— WHAT TO WORK ON —
Write out only the lines from the line containing "new galaxies with" to the end of the listing below, both included, exactly as they stand. Drop the pictures.

┌─ DATA SEGMENT

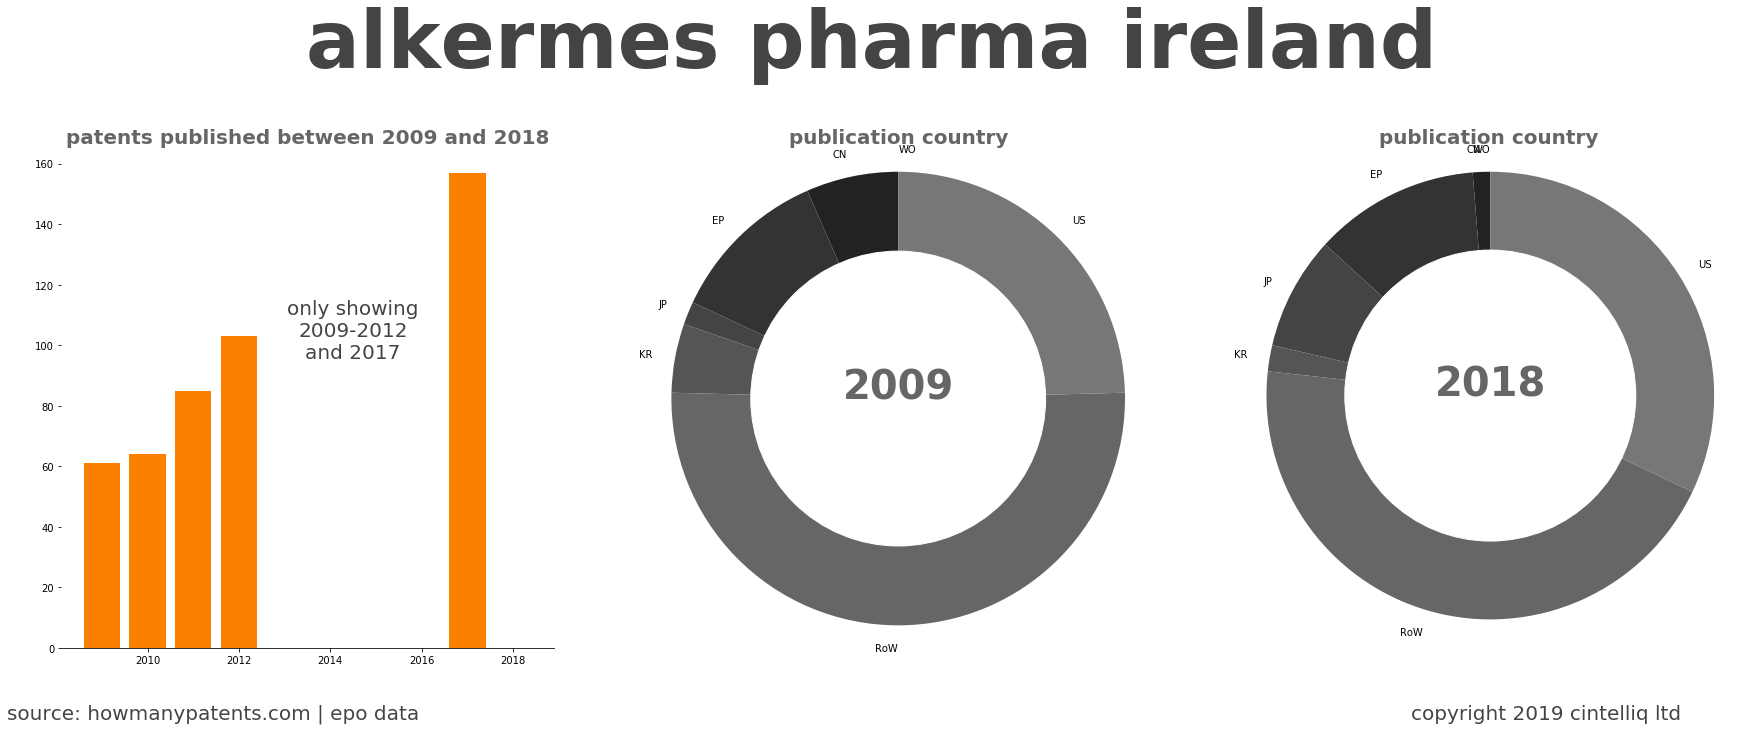 summary of patents for Alkermes Pharma Ireland
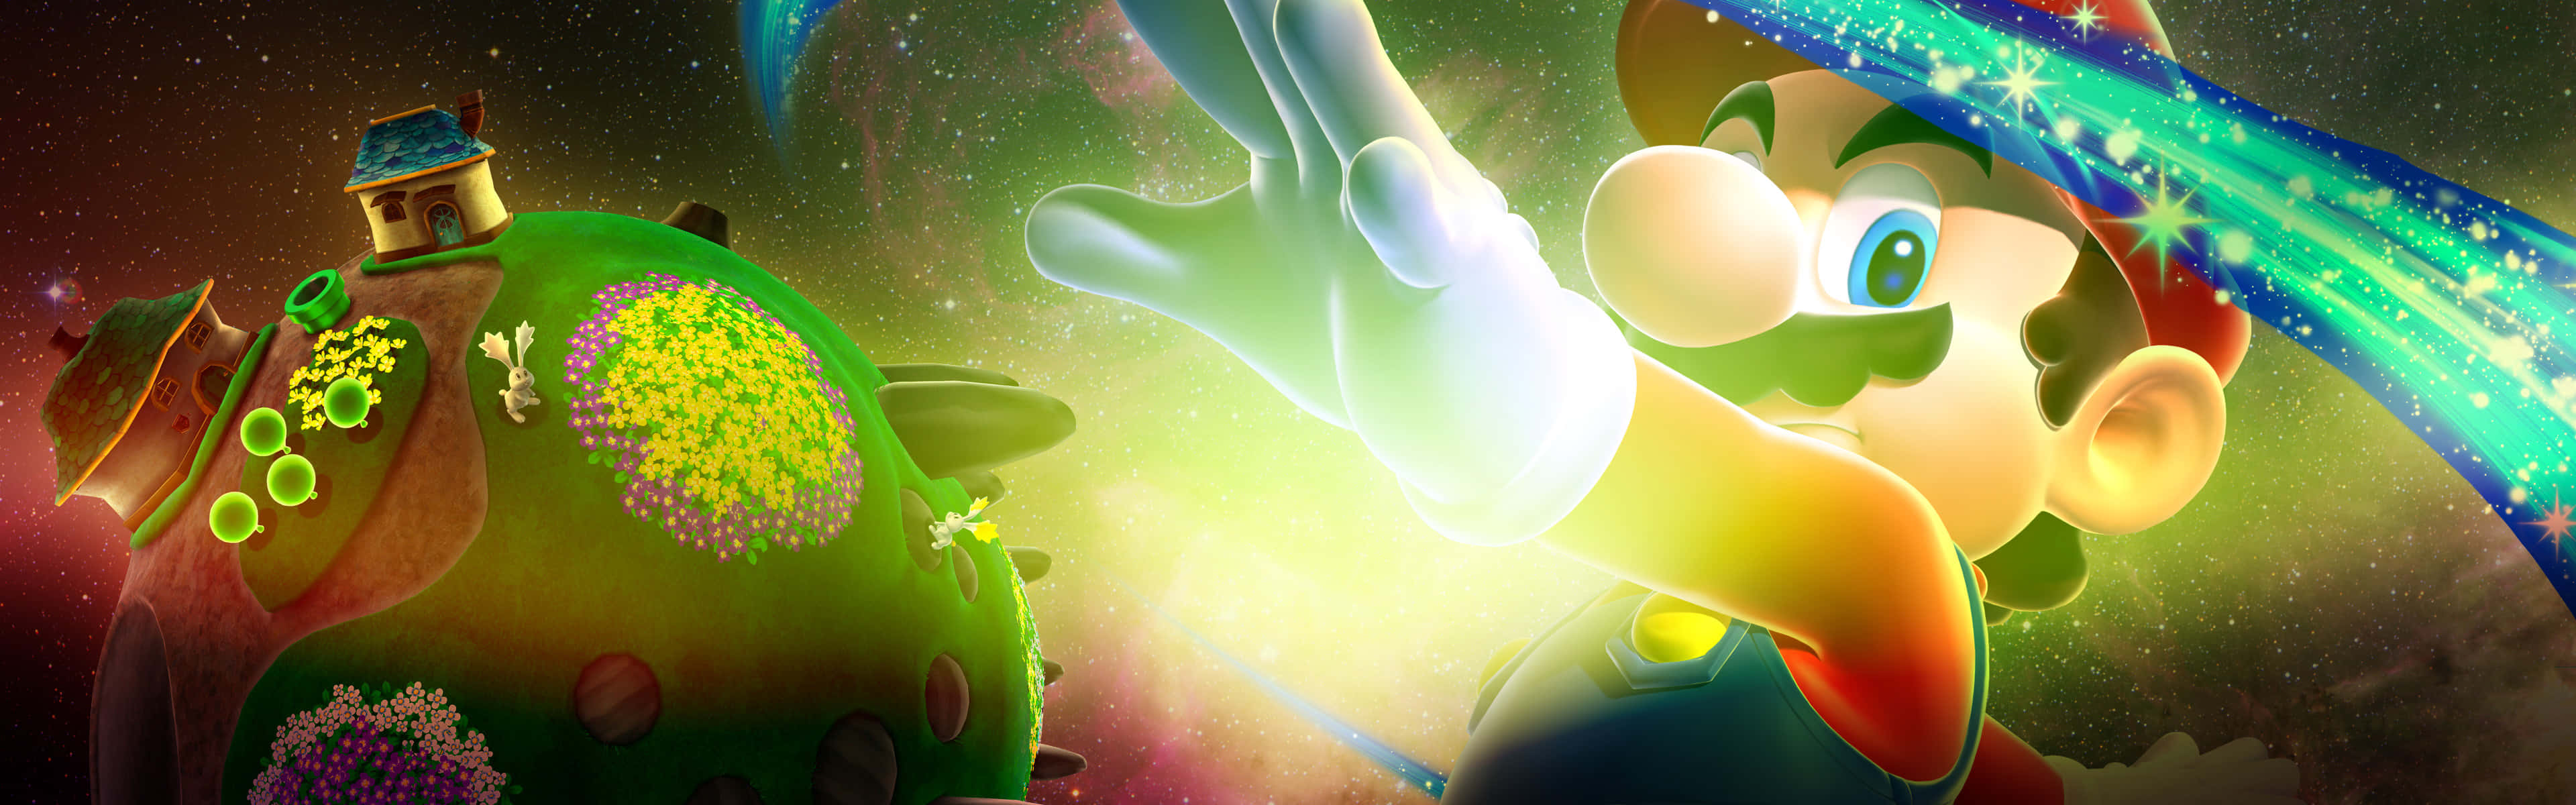 "Explore new galaxies with Super Mario Galaxy!" Wallpaper
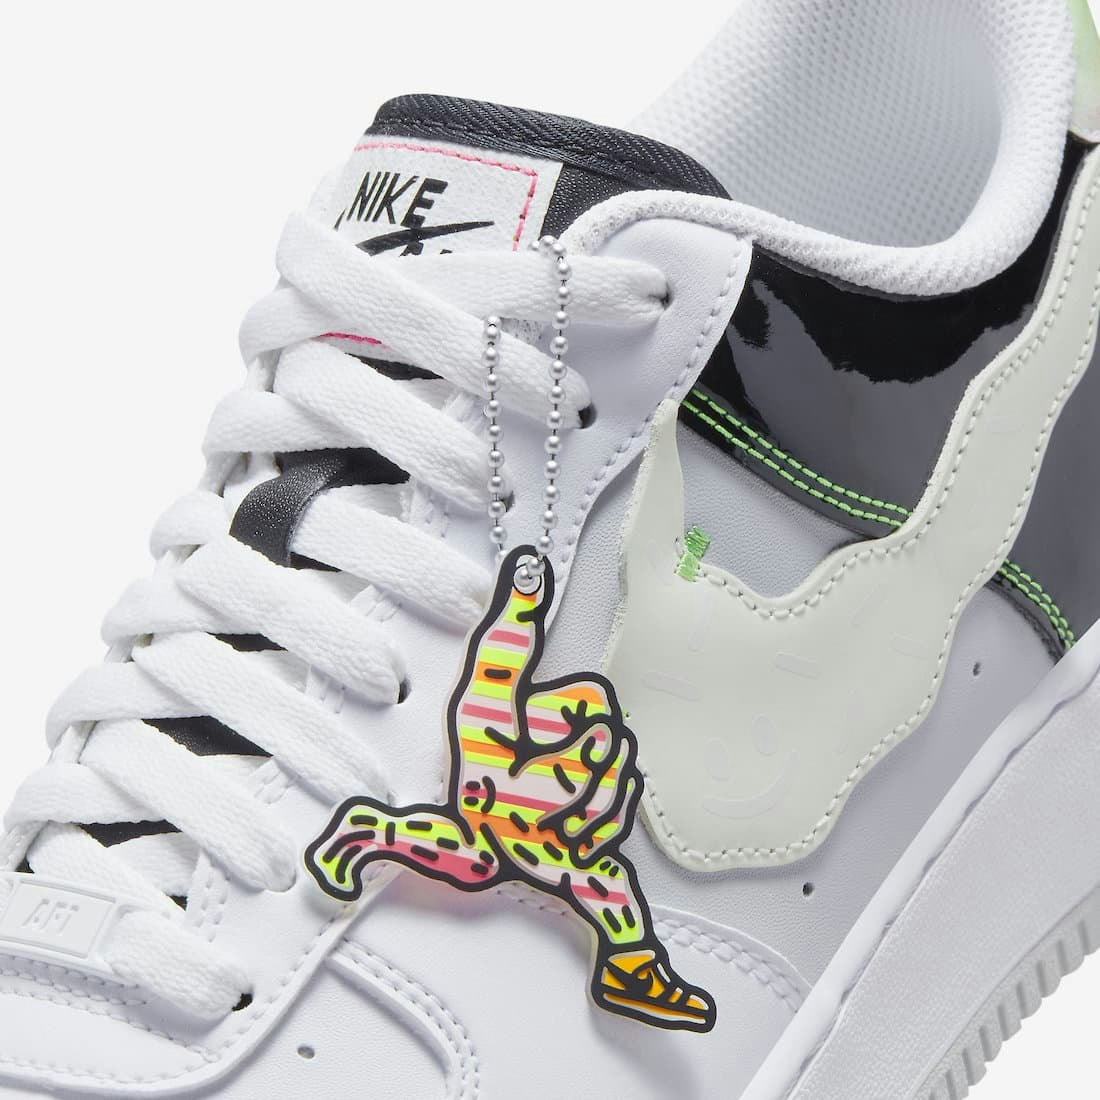 Nike Air Force 1 Low "Pop Art"

└─

— TASK OUTPUT —
 "Explore new galaxies with Super Mario Galaxy!" Wallpaper
 Nike Air Force 1 Low "Pop Art"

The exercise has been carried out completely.